What Is Lean Six Sigma? Everything You Need to Know

What Is Lean Six Sigma?

Lean Six Sigma (LSS) is a project management methodology. It equips organizations across the spectrum—from Fortune 500 giants to government bodies, nonprofits, and small- to medium-sized enterprises—with the tools to reduce costs, boost productivity, and deliver unparalleled customer value.

Six Sigma is a combination of two popular Process Improvement methods—Lean and Six Sigma—that pave the way for Operational Excellence.

Lean focuses on removing wasteful activities in processes. Six Sigma focuses on reducing process defects. Combined, Lean Six Sigma leverages the best problem-solving methods to ensure organizations achieve their goals and delight customers.

Before diving into details, it’s important to clarify the concept of Process Improvement.
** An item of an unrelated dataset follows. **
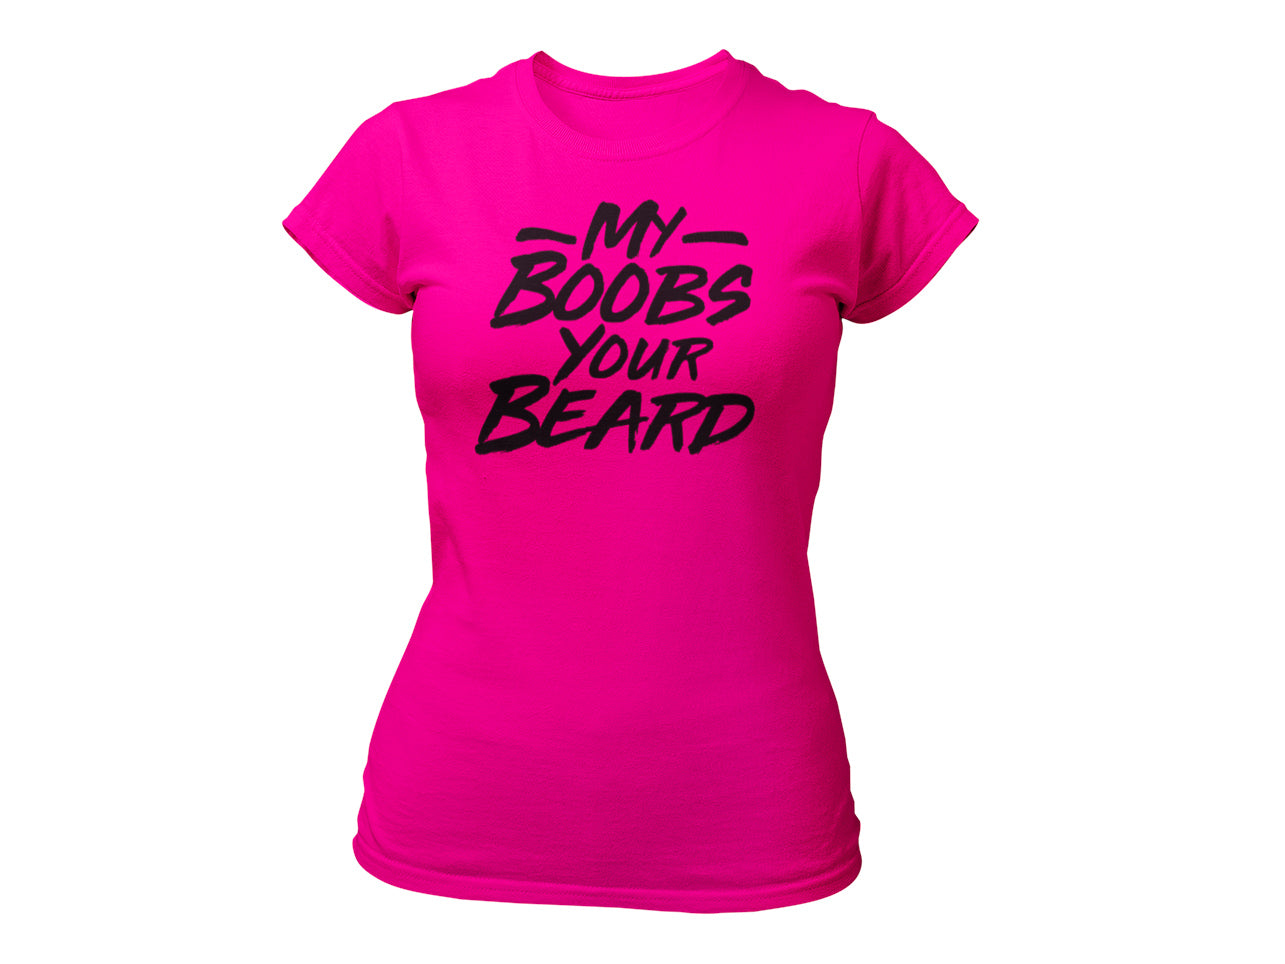 My Boobs Your Beard Short Sleeve T-shirt

Since Lean Six Sigma is a system for analyzing and improving processes, we’ll break down those terms first.

Every organization in every industry has processes to improve. We train teams to continuously improve those processes with LSS tools and techniques. In this article, we’ll explain how it works, using examples and benefits from a wide variety of LSS projects and implementations.
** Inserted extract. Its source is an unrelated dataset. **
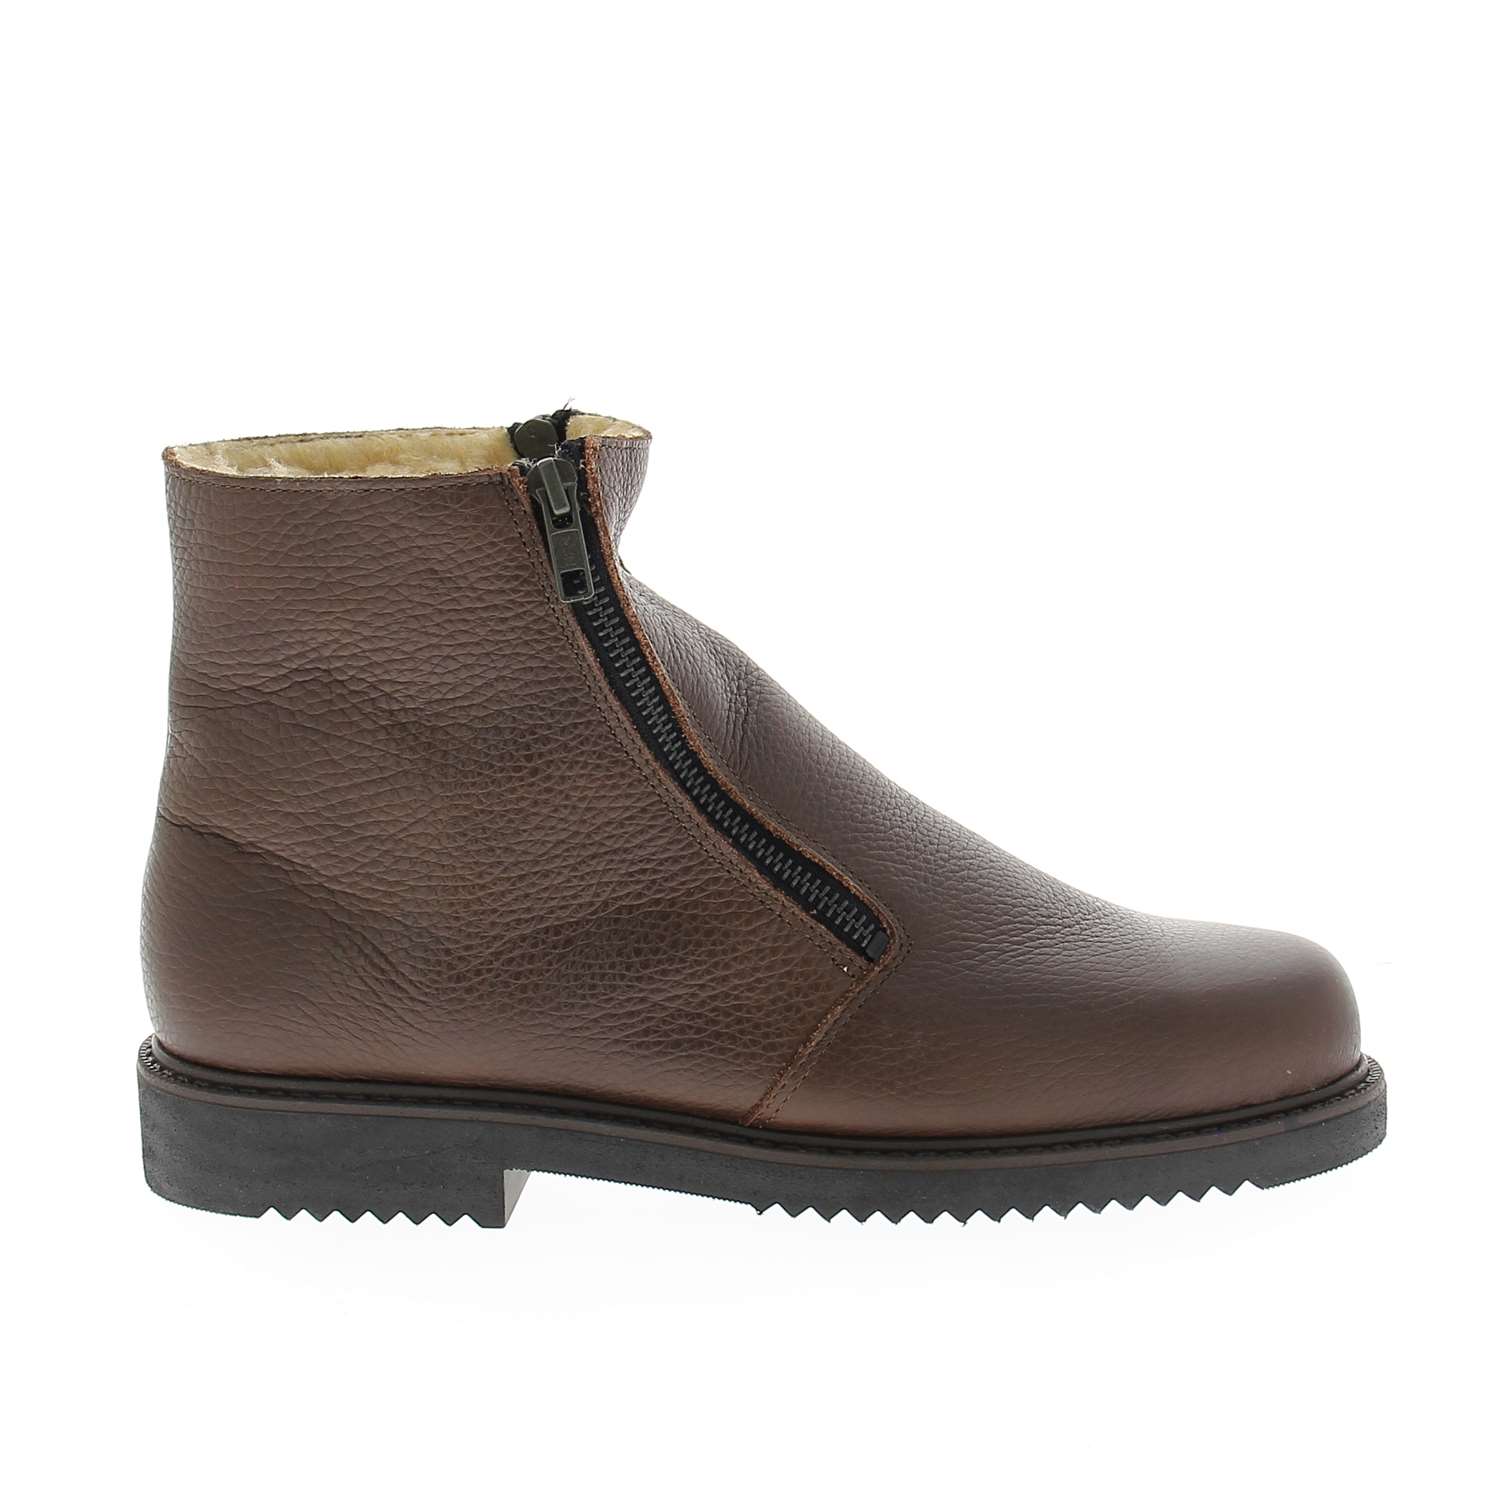 02 - DIBA - CLEON - Boots et bottines - Cuir

Six Sigma vs. Lean Six Sigma: What’s the Difference?

What Is Lean?

Originating in the 1940s, Lean methodology has been labeled a process improvement toolkit, a philosophy, and a mindset.

At its core, Lean is a popular approach to streamlining manufacturing and transactional processes by eliminating waste and optimizing flow while delivering value to customers.

What Is Six Sigma?

Originating in the 1980s, Six Sigma is a process improvement strategy that improves output quality by reducing defects. It’s named after a statistical concept where a process only produces 3.4 defects per million opportunities (DPMO).

Six Sigma can therefore be thought of as a goal, where processes not only encounter fewer defects, but do so consistently (low variability).

Combining Lean and Six Sigma Into Lean Six Sigma

These two methodologies are effective on their own, but when combined to make Lean Six Sigma, they’re incredibly beneficial.

Lean and Six Sigma are based on the scientific method, and together they support organizations looking to develop a problem-solving culture. This means that “finding a better way” becomes a daily habit.

Understanding both approaches and their accompanying toolkits is extremely valuable when solving problems. It doesn’t matter where a tool comes from—Lean or Six Sigma—as long as it does the job.

What Are the Benefits of Using Lean Six Sigma?

Organizations face rising costs and new challenges every day. Lean Six Sigma provides a competitive advantage in the following ways:

  • Streamlining processes results in improved customer experience and increased loyalty.
  • Developing more efficient process flows drives higher bottom-line results.
  • Switching from defect detection to defect prevention reduces costs and removes waste.
  • Standardizing processes leads to organizational “nimbleness” and the ability to pivot to everyday challenges.
  • Decreasing lead times increases capacity and profitability.
  • Increasing effectiveness through Process Optimization.
  • Engaging employees in the effort improves morale and accelerates people’s development.
  • Decreasing cost by removing waste and solving problems proactively.
  • Improving efficiency by ensuring the best use of resources and process improvement plans.
  • Developing effective people and teams by building the confidence and capabilities of team members.

Lean Six Sigma Benefits for Businesses

LSS works for organizations of any size. The same success achieved by large businesses can be attained by small and medium businesses. Smaller organizations may actually be more agile with fewer people and lower levels of red tape to navigate.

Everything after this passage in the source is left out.